Bien sabido es el lugar central que ocupan para algunas naciones occidentales el culto a la muerte; los cementerios, tumbas y mausoleos definen, con sus particularidades, el ámbito de la memoria colectiva. Y por lo tanto legitiman una tradición histórica que construye una línea posible para pensar la identidad nacional.

Domingo Sarmiento fue uno de los intelectuales que ha intentado pensar la relación entre los ritos mortuorios y su inserción en la idea de Nación, a partir de una relación de causalidad; el culto a los muertos es, para Sarmiento, un gesto originario de civilización, una forma de honrar a los ancestros, que el sanjuanino profesa recorriendo cementerios de todo el mundo.
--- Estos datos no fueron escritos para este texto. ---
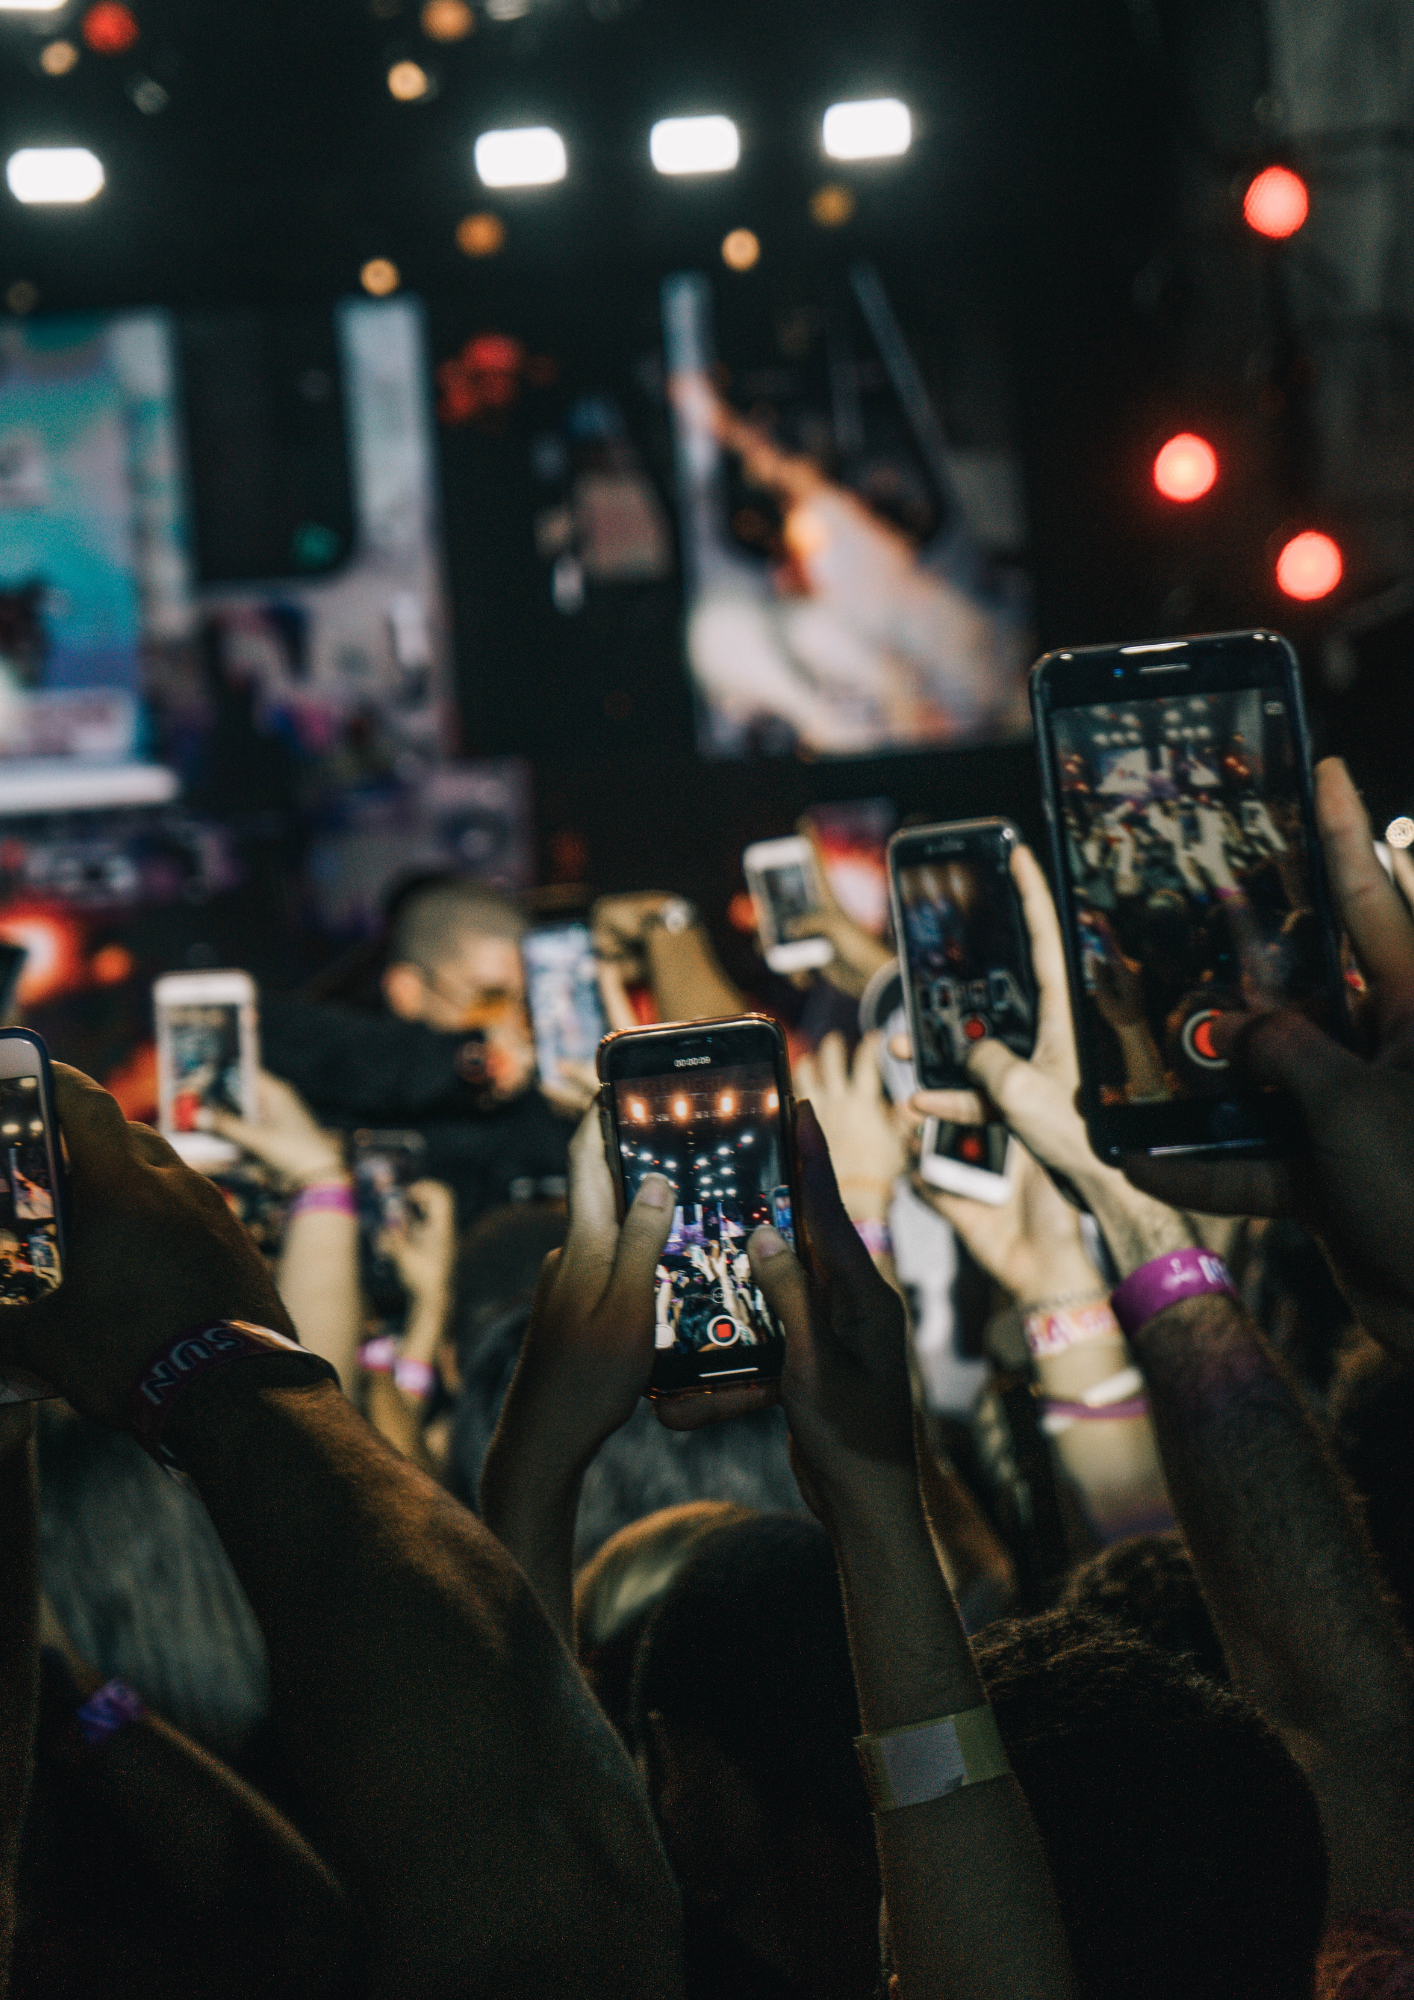 The Perception of Millennial Generation on Religious Moderation through Social Media in the Digital Era

En el plano local, visitaba con frecuencia el cementerio de la Recoleta, donde se encontraba su hijo, muerto en la guerra contra el Paraguay. Pero visitó también la tumba de su gran musa, Facundo Quiroga.

El día de los muertos de 1885, Sarmiento medita largo rato frente al sepulcro del caudillo, ya para entonces, constituido por una figura en mármol blanco que representa a una virgen dolorosa con una placa que lleva la siguiente inscripción: “Aquí yace el general Juan Facundo Quiroga. Luchó toda su vida por la organización federal de la República”.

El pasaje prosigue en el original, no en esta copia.